Message boards : Technical News : Harvey (Mar 24 2009)

Author Message
Profile Matt Lebofsky
Volunteer moderator
Project administrator
Project developer
Project scientist
Avatar
Send message
Joined: 1 Mar 99
Posts: 1389
Credit: 74,079
RAC: 0
United States
Message 878890 - Posted: 24 Mar 2009, 20:27:33 UTC

The good news is that our regular Tuesday maintenance outage today chugged along quickly, and without incident. The not-so-great news is that we are still fighting with thumper to get it running properly again.

Jeff, Eric, and I whipped up a cookbook yesterday of the 7 or 8 steps to get thumper's root drive mirrored. As of this morning we had only one working drive with root/boot on it, but it's the spare drive sitting in the /dev/sda slot. According to the BIOS, the root/boot drives have to be in slots #0 and #1, but thanks to non-linear disk controller labels on the backplane these drives show up in linux-land as /dev/sdy and /dev/sdac. Of course, you can only install grub on /dev/sd[a-d] which means lots of disk swapping and rebooting and resyncing.

However, we're still on step #2 right now, and it won't finish until later tonight. The three of us were huddled over thumper for almost three hours - a frustrating period of time starting with us rebooting thumper "just to make sure everything is working" and then it wouldn't mount the root drive because of underlying issues with the metadevice. This was all mysterious, and after poking this and that it got worse - we could only boot in recovery mode off of DVD, and we had to hack partition tables and change disk identifiers before we could see root again. That's where it's at now: we're syncing the one working drive with a new spare, a process that we thought would take less than an hour but will take five, apparently.

To add insult to injury our pulse table in the science database on thumper ran out of extents last night, which basically means the tables are full even though we have disk space available. So as if the above ordeal wasn't enough, we'll need an additional day or two to recreate (or at least hack at) the pulse table to add more extents. Long story short, don't expect SETI@home to be generating any new work or assimilating anything for a week (unless we're lucky). We'll at least try to keep Astropulse working during this time, so computers that can run Astropulse will be kept busy.

When it rains it pours, but we'll be back to normal again soon enough.

- Matt

____________
-- BOINC/SETI@home network/web/science/development person
-- "Any idiot can have a good idea. What is hard is to do it." - Jeanne-Claude

Profile ML1
Volunteer tester
Send message
Joined: 25 Nov 01
Posts: 8520
Credit: 4,203,710
RAC: 1,602
United Kingdom
Message 878905 - Posted: 24 Mar 2009, 20:53:59 UTC
Last modified: 24 Mar 2009, 20:57:05 UTC

OK, wild guess #1 for the root drives problem...

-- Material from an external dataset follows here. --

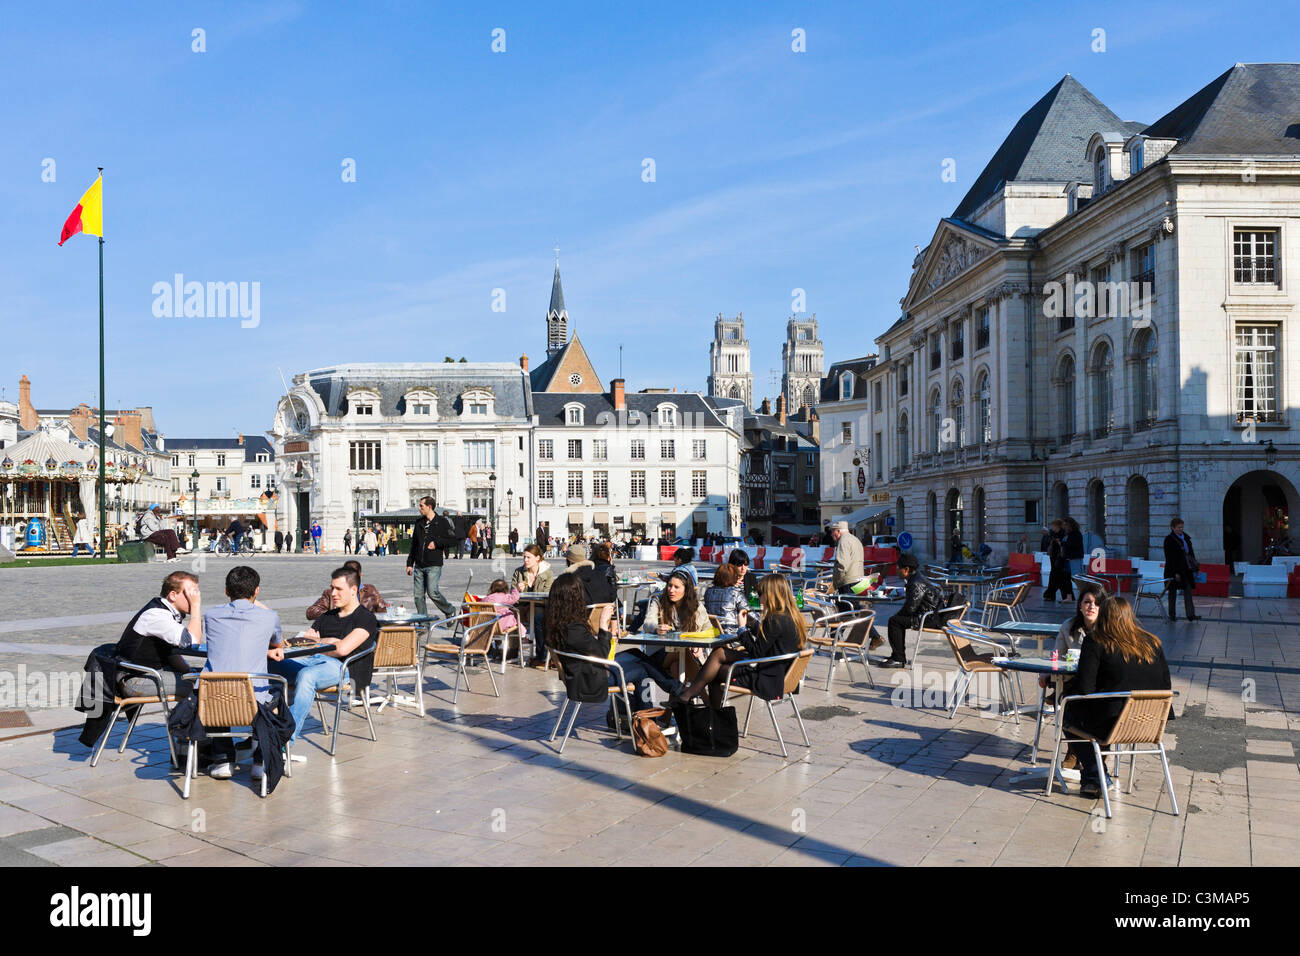 Pavement cafe in front of the statue of Joan of Arc with the cathedral towers in the distance, Place du Martroi, Orleans, France Stock Photo

Can you specify in grub to reorder the IO ports for the disks to get sda, sdb, sdc, sdd to map into grub in sequence?

Using disk labels, you can then let Linux sort out the mount mess automagically later.

More of a question is where (which disks) to put the MBR (and redundant copies) for the BIOS to boot into...

Good luck!

(Anyone else ever juggled so many drives?)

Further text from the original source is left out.